[Data excerpts]

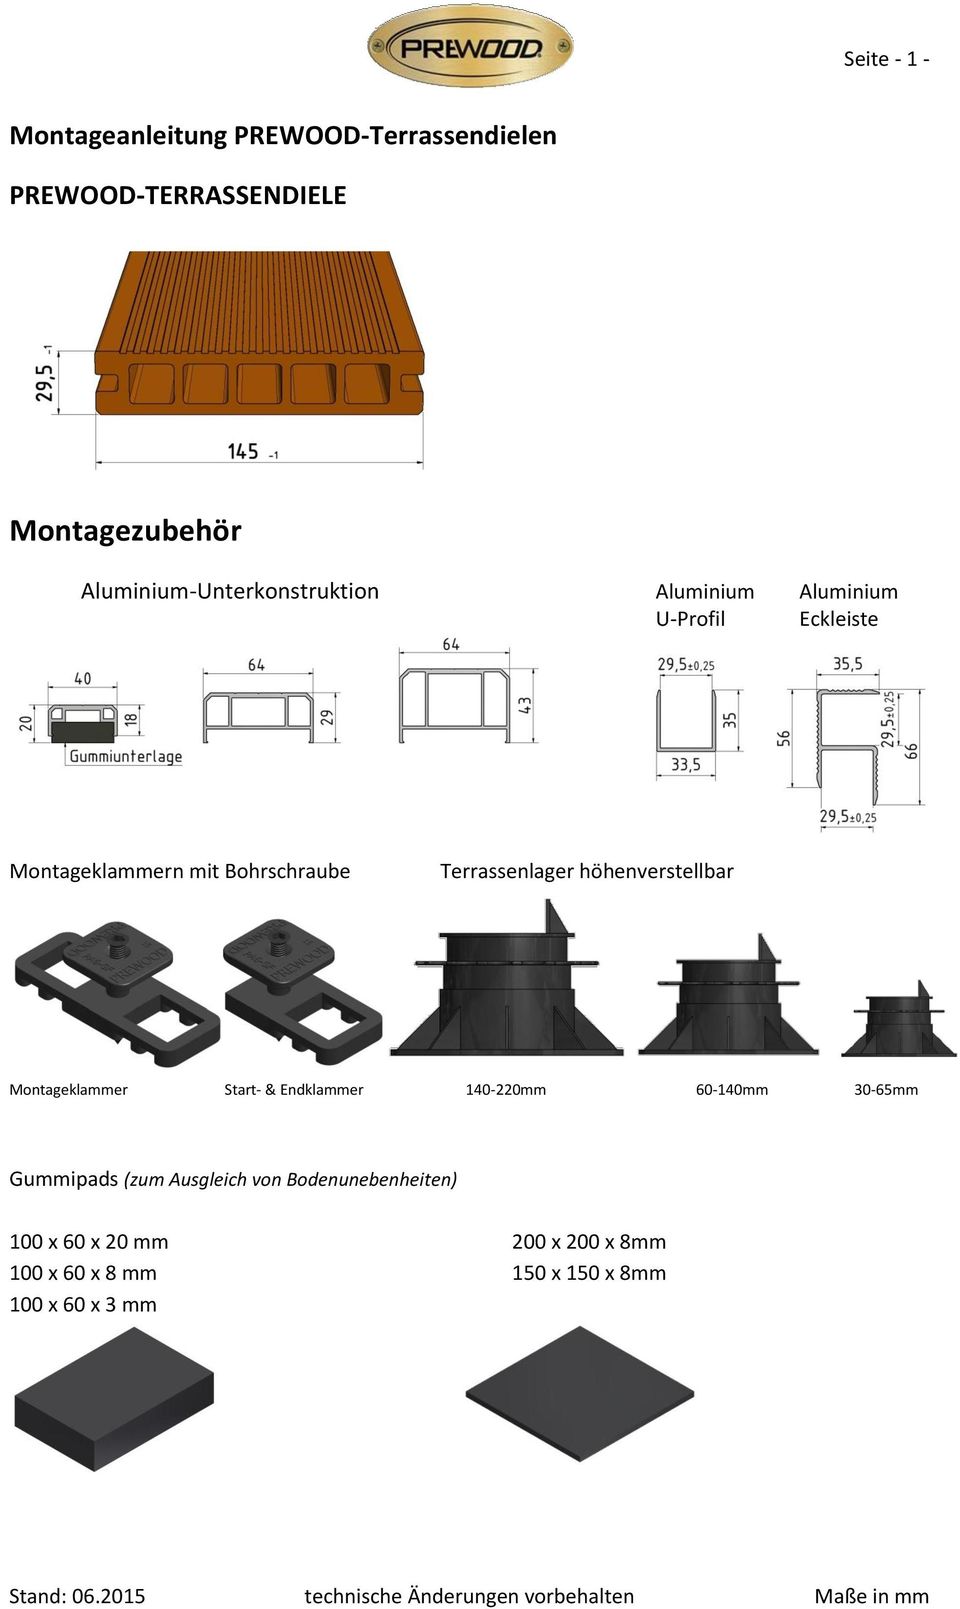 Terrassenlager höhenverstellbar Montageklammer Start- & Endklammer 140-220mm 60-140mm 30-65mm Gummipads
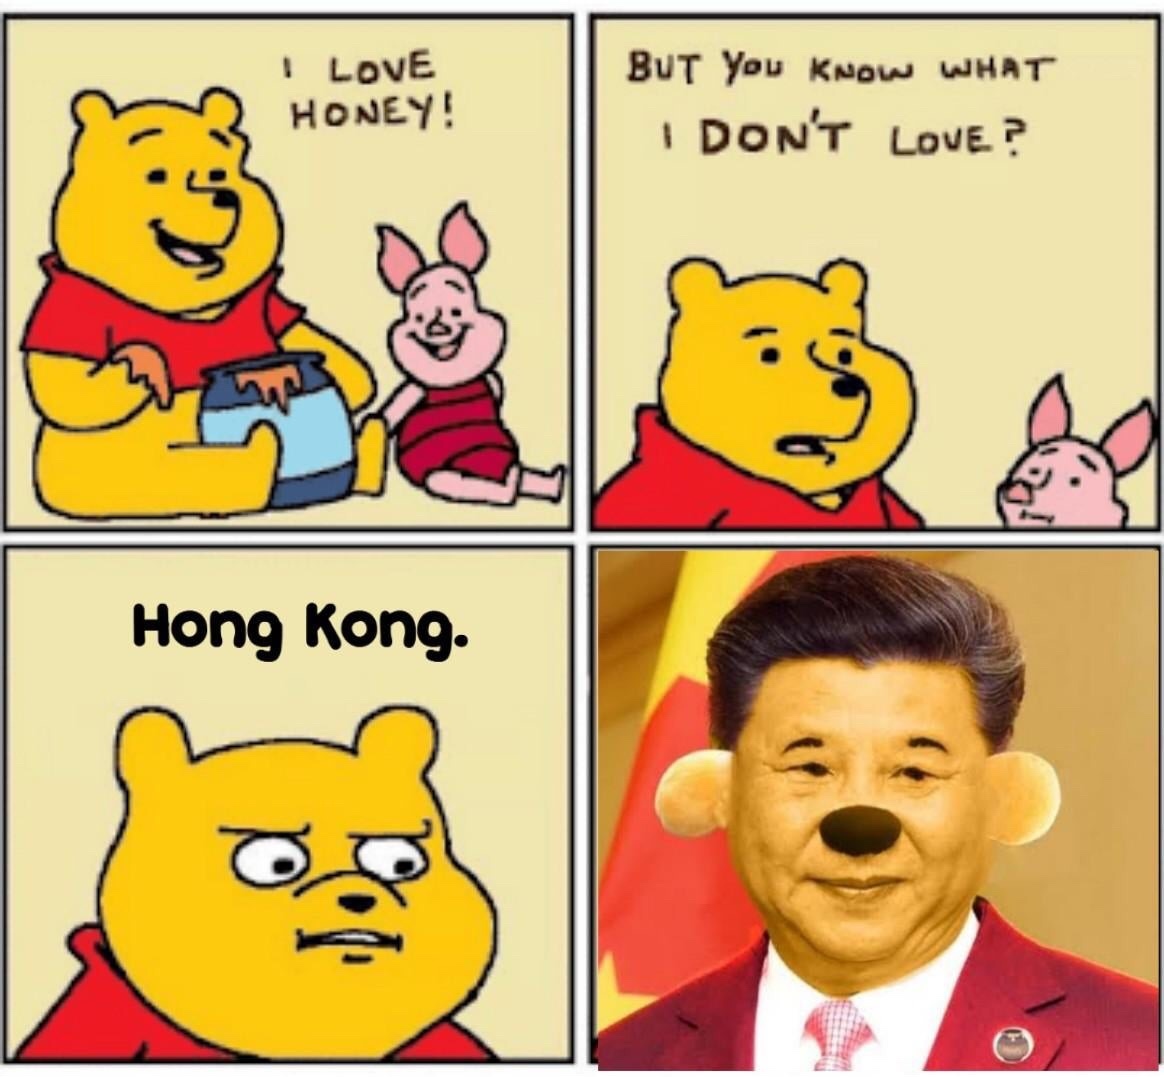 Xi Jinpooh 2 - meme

[/Data excerpts]
[Data excerpts]

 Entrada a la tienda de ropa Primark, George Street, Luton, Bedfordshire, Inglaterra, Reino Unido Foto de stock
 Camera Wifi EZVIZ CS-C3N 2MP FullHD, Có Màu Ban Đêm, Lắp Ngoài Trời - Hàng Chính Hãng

[/Data excerpts]

Work to be completed: Please reproduce exactly the lines in the listing above from the one containing "Entrada a la" through the one containing "Camera Wifi EZVIZ", both included, and nothing more.

Response for this exercise:
 Entrada a la tienda de ropa Primark, George Street, Luton, Bedfordshire, Inglaterra, Reino Unido Foto de stock
 Camera Wifi EZVIZ CS-C3N 2MP FullHD, Có Màu Ban Đêm, Lắp Ngoài Trời - Hàng Chính Hãng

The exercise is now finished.